◆ The problem: The data below should be restated word for word, pictures omitted.

◆ Data below:
==========
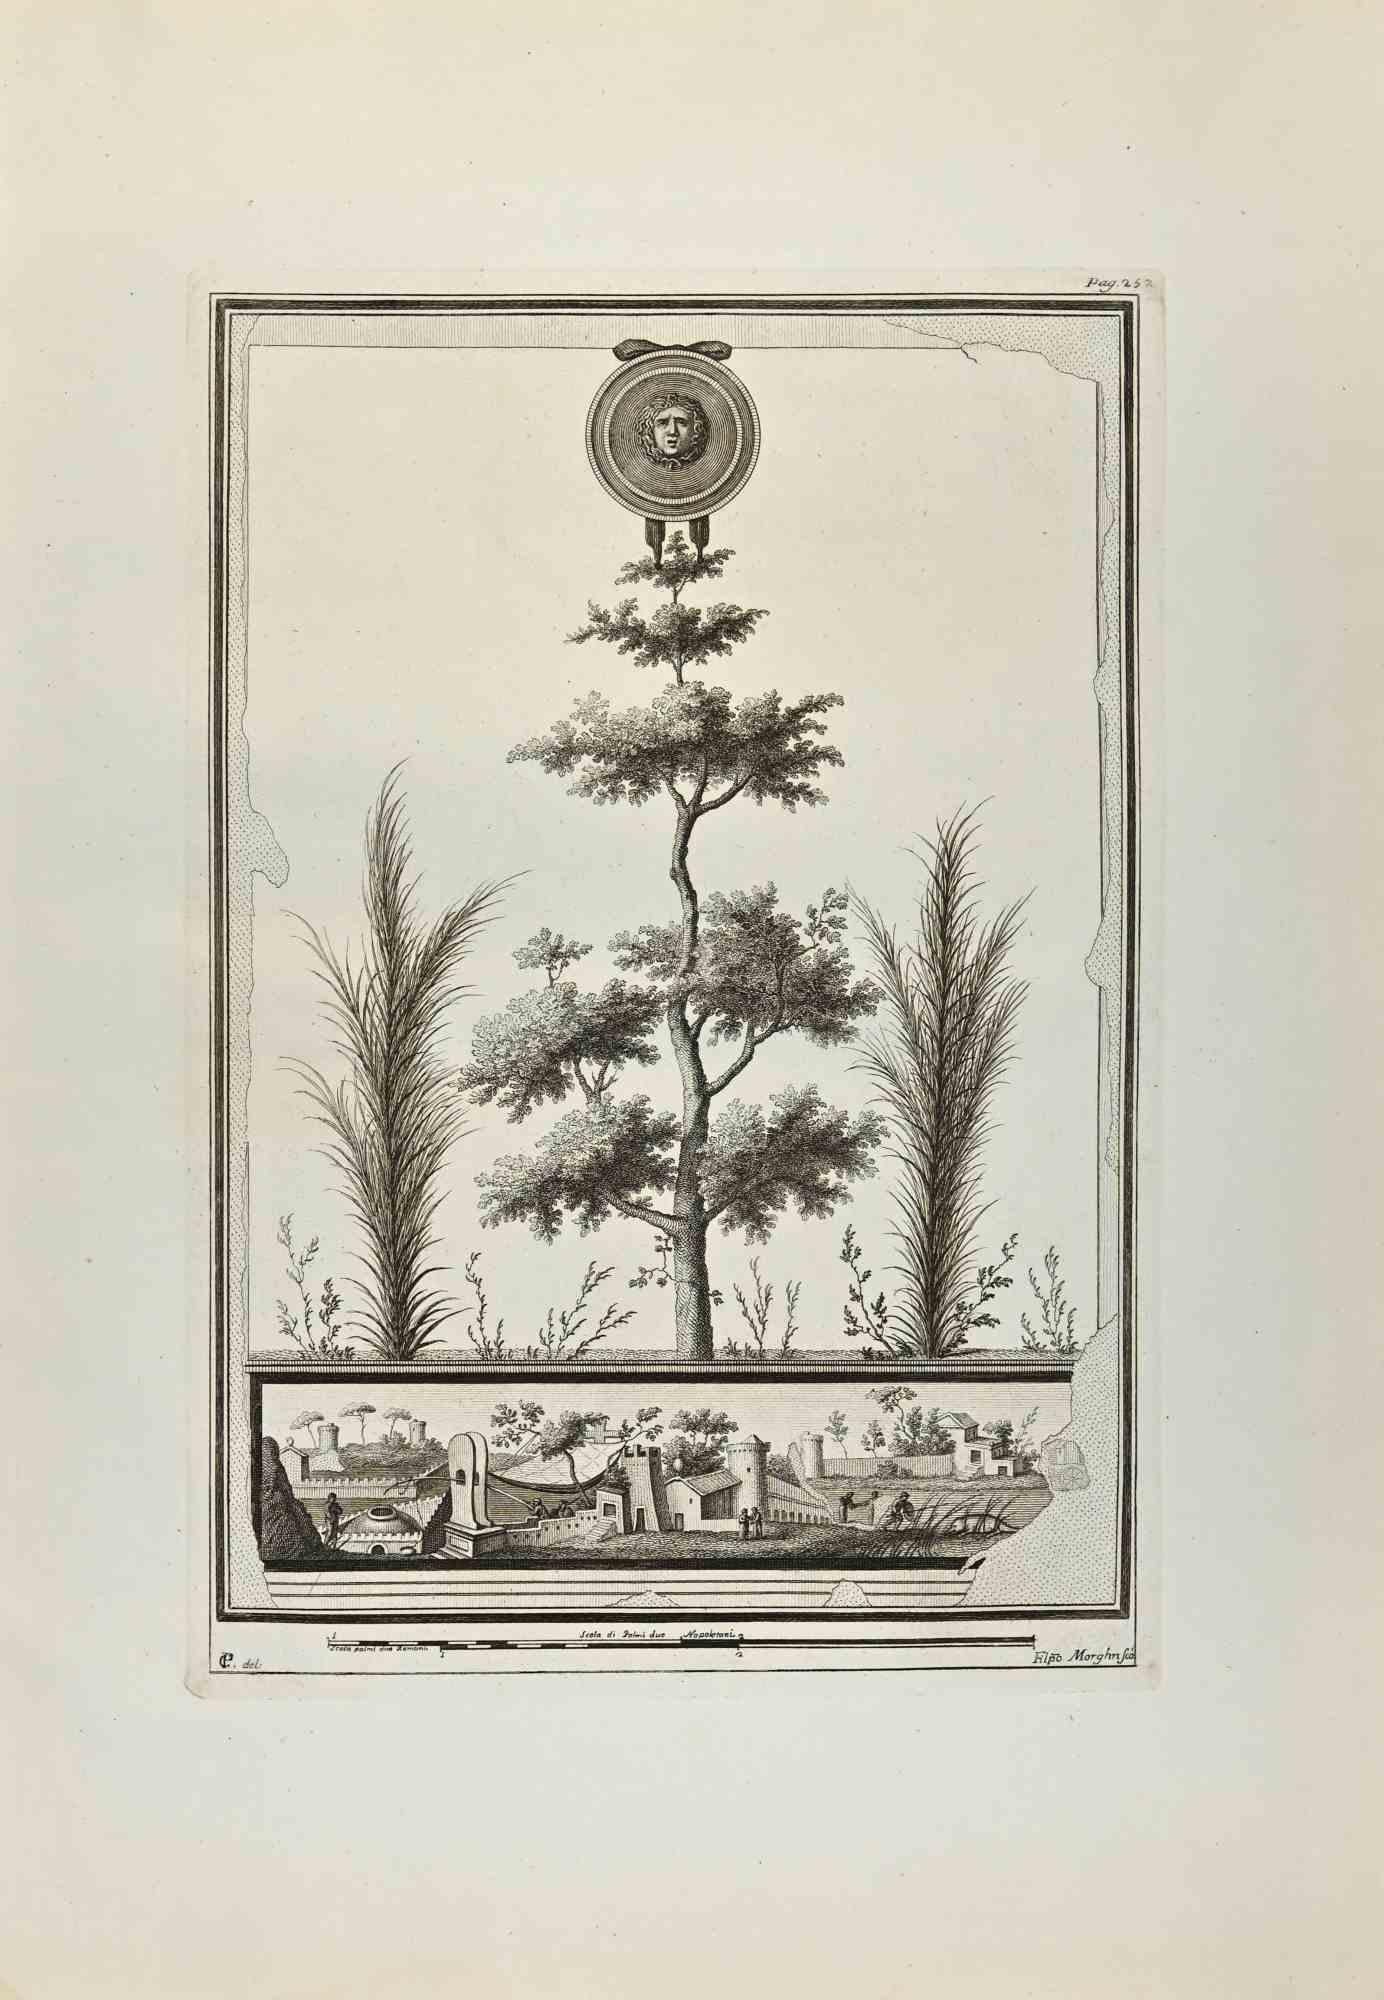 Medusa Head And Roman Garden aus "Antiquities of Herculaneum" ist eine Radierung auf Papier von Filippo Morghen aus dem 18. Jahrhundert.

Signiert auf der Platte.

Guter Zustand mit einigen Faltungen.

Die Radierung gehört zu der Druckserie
==========
◆ Reply to the exercise:
 Medusa Head And Roman Garden aus "Antiquities of Herculaneum" ist eine Radierung auf Papier von Filippo Morghen aus dem 18. Jahrhundert.

Signiert auf der Platte.

Guter Zustand mit einigen Faltungen.

Die Radierung gehört zu der Druckserie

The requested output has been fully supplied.